Climate change will increase wildfires by 50 percent by 2100, study says

As told by a new report conducted by the United Nations Environment Program, the world could see an increase in wildfires due to continued changing climate conditions.

The report cited two main factors, land-use change as well as climate change, as the driving force behind extreme wildfires, and the it projects that the number of wildfires will rise by 14 percent by 2030, 30 percent by the conclusion of 2050, and 50 percent by 2100.

“Wildfires are burning longer and hotter in places they always have occurred, and are flaring up in unexpected places too, in drying peatlands and on thawing permafrost,” states the report, which also attributes greenhouse gases that have been added to the earth’s atmosphere as the driver of rising global temperatures from humans burning fossil fuels.

Following the Industrial Revolution, global surface temperatures have increased by roughly 1.8 degrees Fahrenheit, as noted by the National Oceanic and Atmospheric Administration.

The U.N. report states that climate change additionally results in more extreme events in the weather, like stronger winds, more dry lightning, and overall higher temperatures which more quickly dry out the vegetation that feeds wildfires. Those consequences have all risen in tandem over the past few decades as the climate continues changing.

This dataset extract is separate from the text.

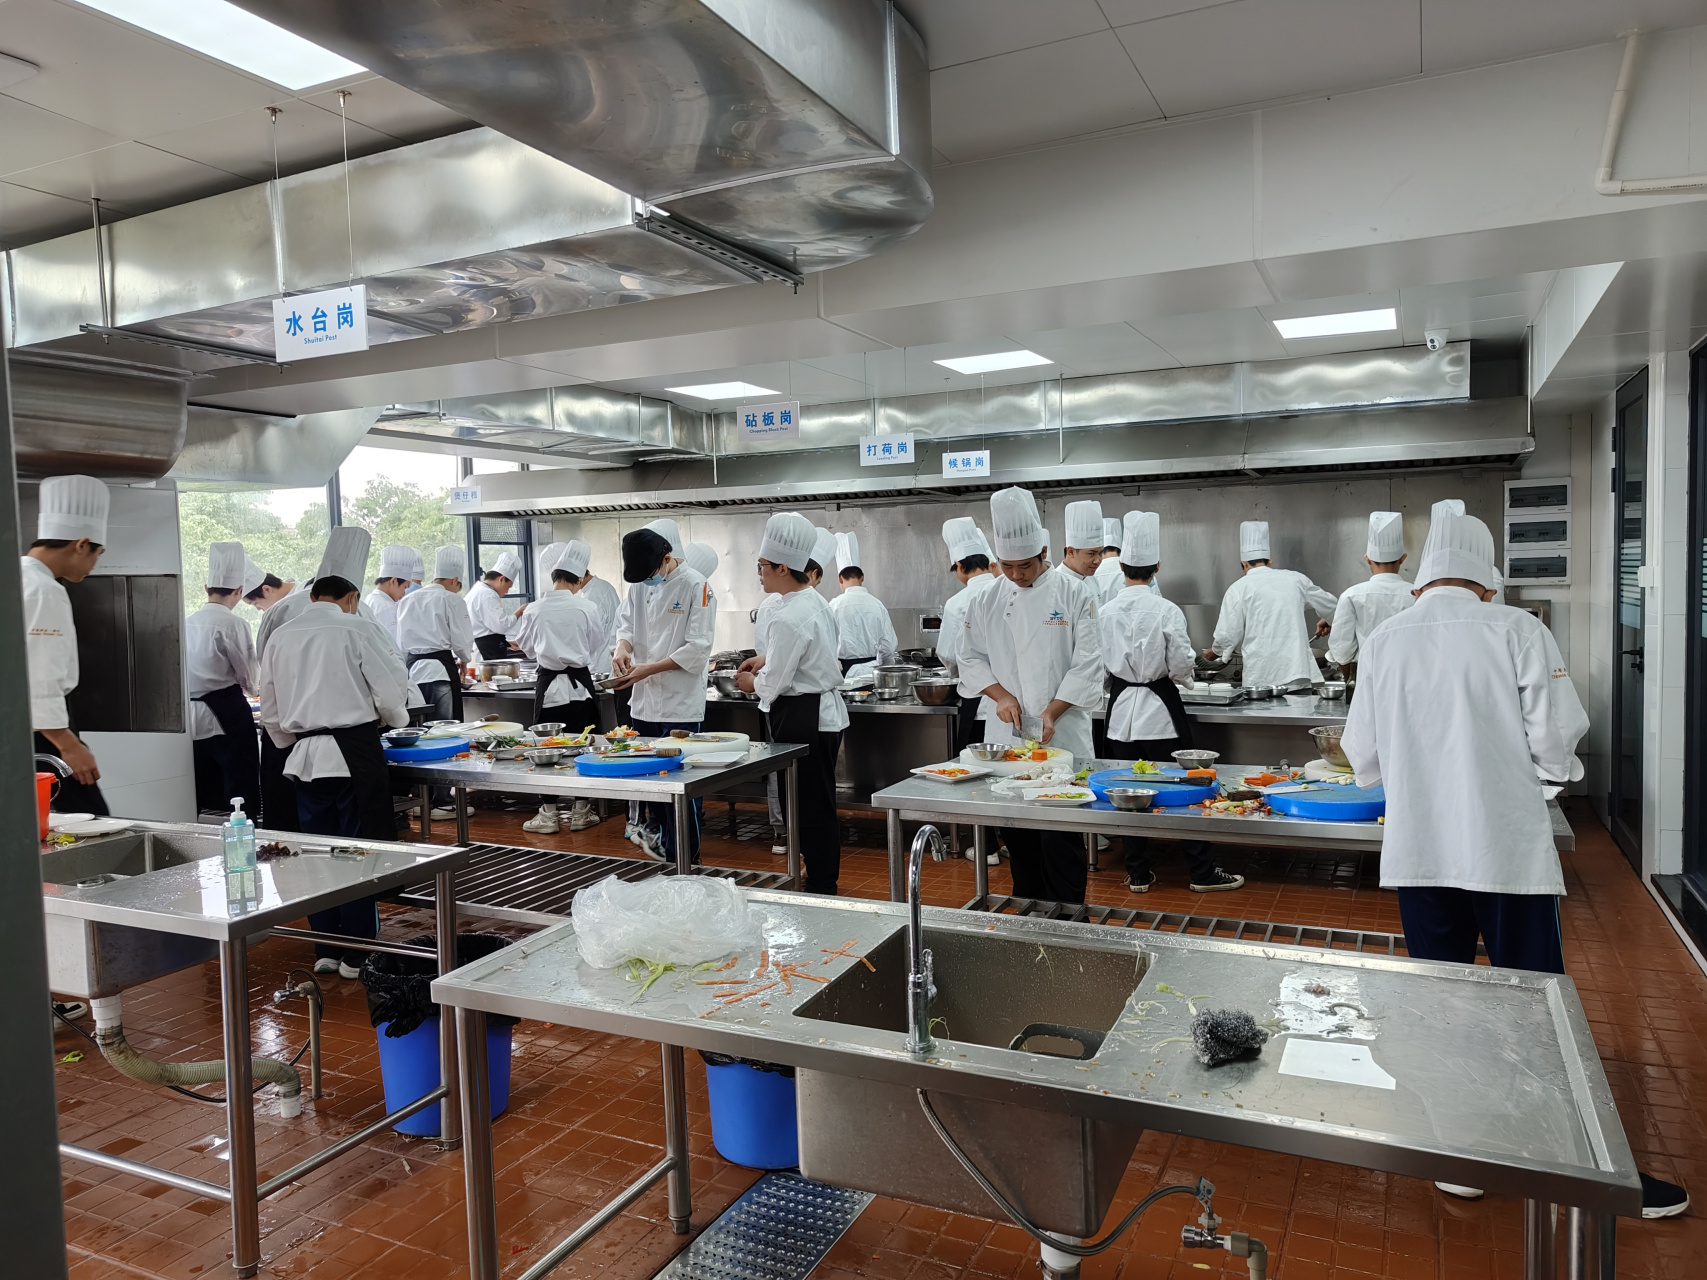 这里是学校烹饪专业全仿真的实操场所,所有烹饪设备按照酒店后厨标准
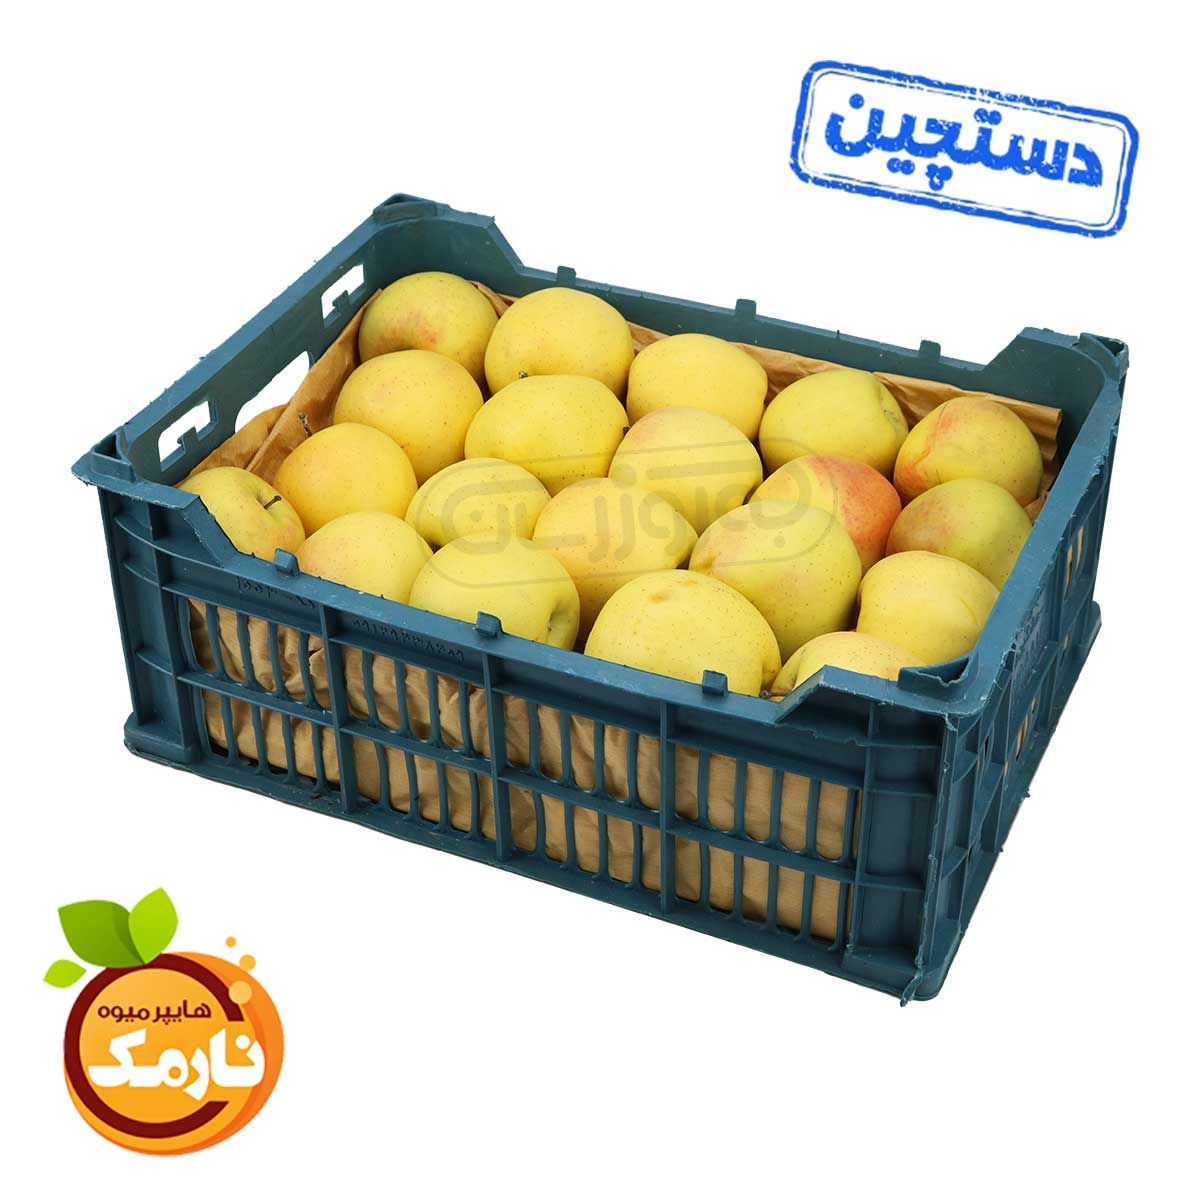 سیب زرد دستچین سبدی هایپر میوه نارمک حدود 5 تا 7 کیلوگرم

“The heating of the planet is turning landscapes into tinderboxes, while more extreme weather means stronger, hotter, drier winds to fan the flames,” the report notes.

Still, people continue to construct homes and other buildings in areas that are already often the location of wildfires. Scientists have warned repeatedly that the mixture of adding new dwellings in wildfire-prone areas as well as the steadily changing climate is extremely dangerous, which is a conclusion supported by the U.N. report.